There's no guarantee that Ba::method() and Da::method() have the same not-tail-called properties. The codegen for this case will still attach notail to the call site even though the dynamic target may not meet that requirement.

tl;dr: I think notail is a property of the call expression and the only way to know that's valid is when you know what's being called, so the current behavior is more user-friendly for avoiding optimization issues. I'd prefer not to relax that unless there was a significantly motivating example beyond what's presented here so far.

clang/include/clang/Basic/AttrDocs.td
4109

saying "this behavior can be consistent with all of these other things people often get confused by" may be justifiable but also seems a bit user-hostile.

I disagree. In areas where (we agree that) users are already a bit confused, I want to treat consistency-of-interface as a virtue. Imagine a student being confused for weeks about the behavior of attributes on virtual methods — "I put [[nodiscard]]/[[noreturn]]/[[deprecated]] on the child method, but the compiler isn't warning me when I call the parent method!" — and then finally someone asks him to repeat it slowly, and the lightbulb goes on: "Oh, right, I'm calling the parent method..." So now he "gets it." Oh, except, the entire mental model breaks down again for the [[not_tail_called]] attribute, because that attribute uses different rules.

Let's just skip that very last step. Let's have all attributes use the same rules, so that the mental model for one carries over to all the others.

Btw, here's all the interesting attributes/properties/bells/whistles I was able to think of: https://godbolt.org/z/3PYe87 (Looks like Clang is more permissive than it should be with covariant return types.) It'd be interesting to see what a linter like PVS-Studio thinks of all these overriders. I hope it would catch m9 and m10 at least.

I would support (but not myself attempt to implement) -Wall warnings for m3/m4, for m9, and for m5/m6/m11/m12.

aaron.ballman added inline comments.Feb 18 2021, 7:37 AM
clang/include/clang/Basic/AttrDocs.td
4109

Let's just skip that very last step. Let's have all attributes use the same rules, so that the mental model for one carries over to all the others.

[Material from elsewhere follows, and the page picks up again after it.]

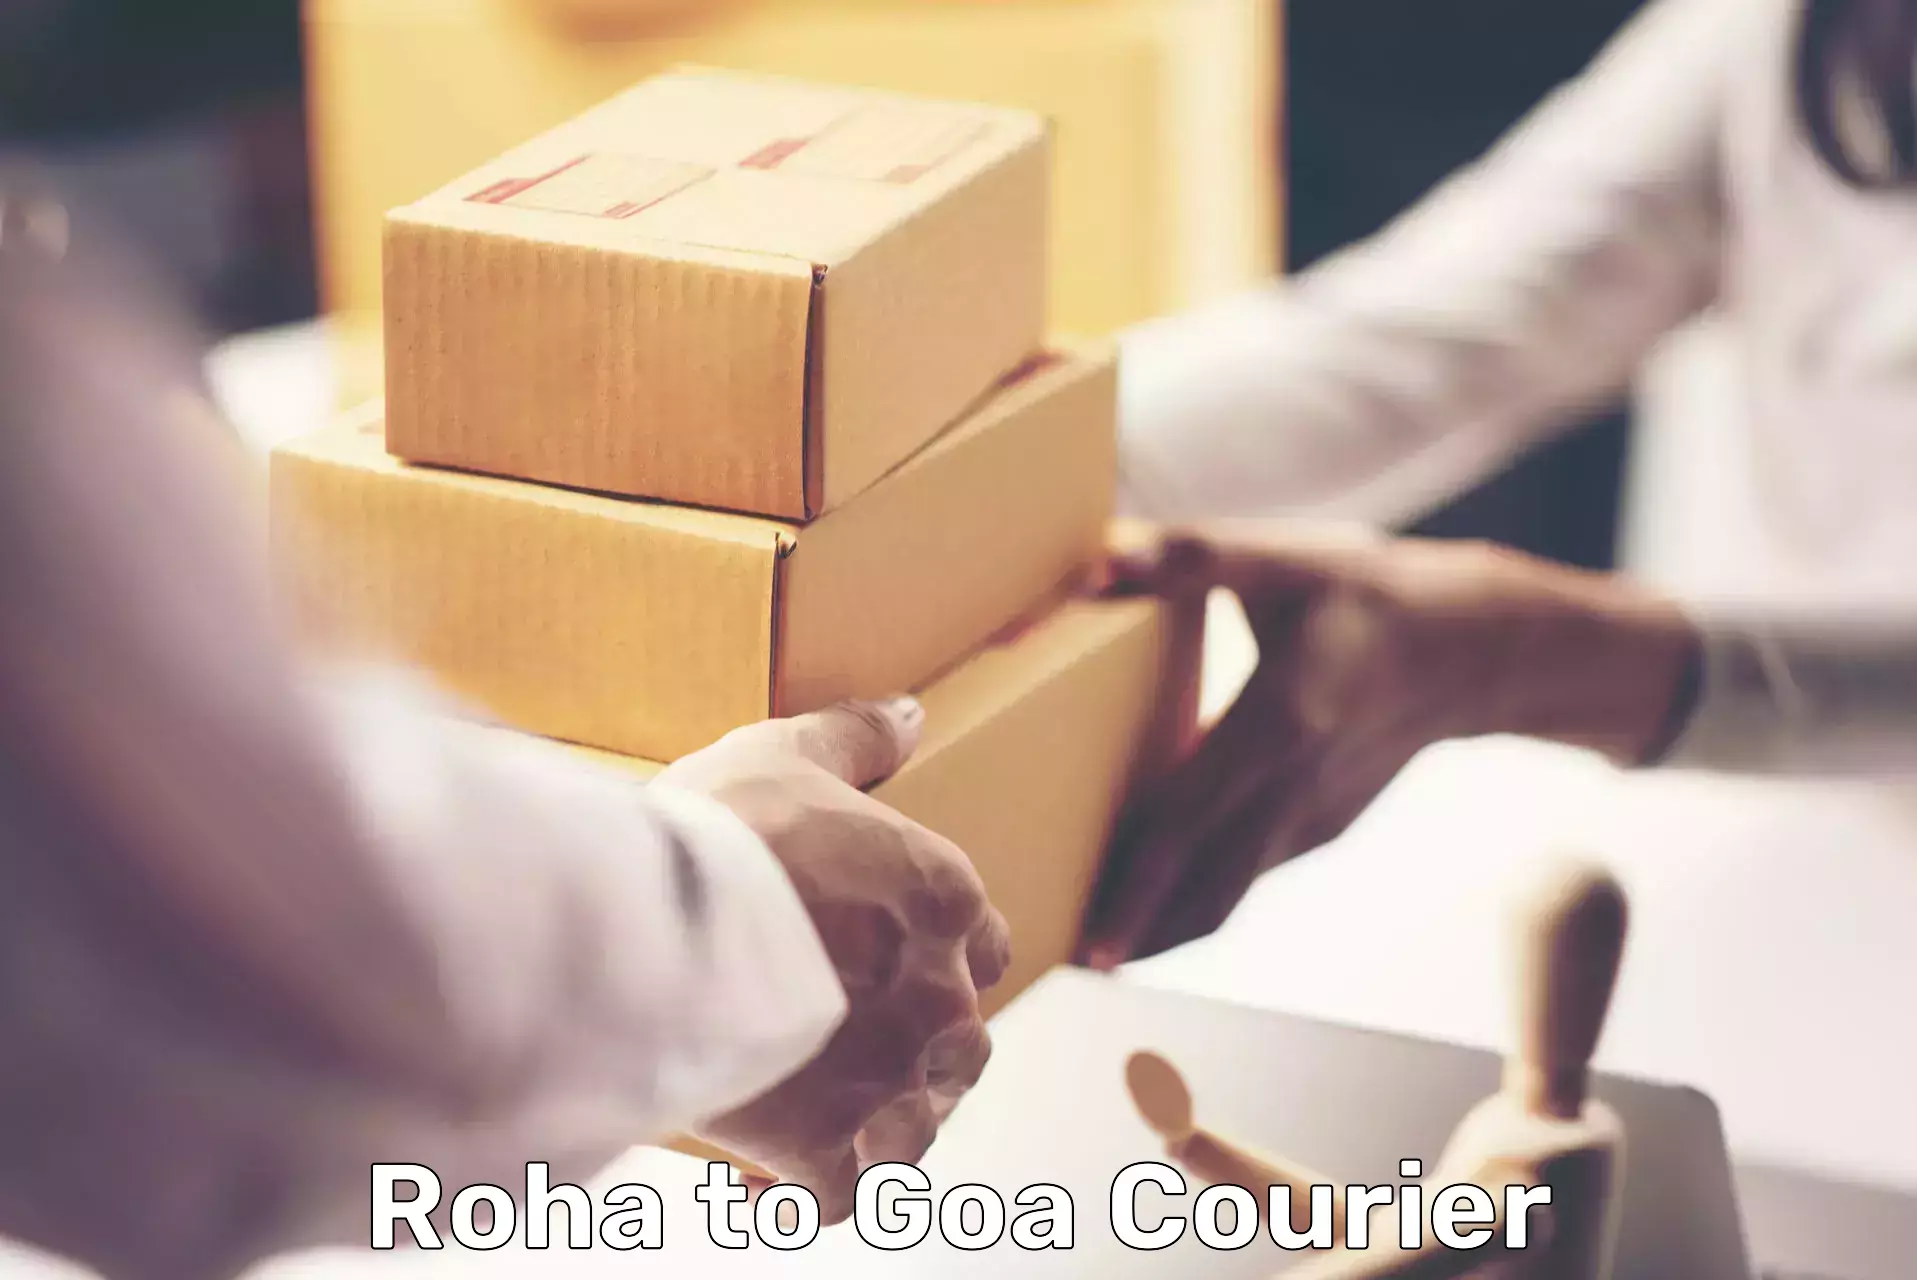 User-friendly delivery service Roha to Goa

Okay, that is sufficiently compelling to me, but I would point out that there's a pretty big difference between "I don't get the warnings I'd expect" for things like [[deprecated]] or [[nodiscard]] and miscompiles where the backend is assuming a promise holds when it doesn't. If this is purely an optimization hint to the backend so a mismatch of expectations results in pessimized but correct code, I'm not worried. If it can result in incorrect code execution, then I think we should consider whether we need to (or could) add additional diagnostics to the frontend to help users who do get confused by the behavior.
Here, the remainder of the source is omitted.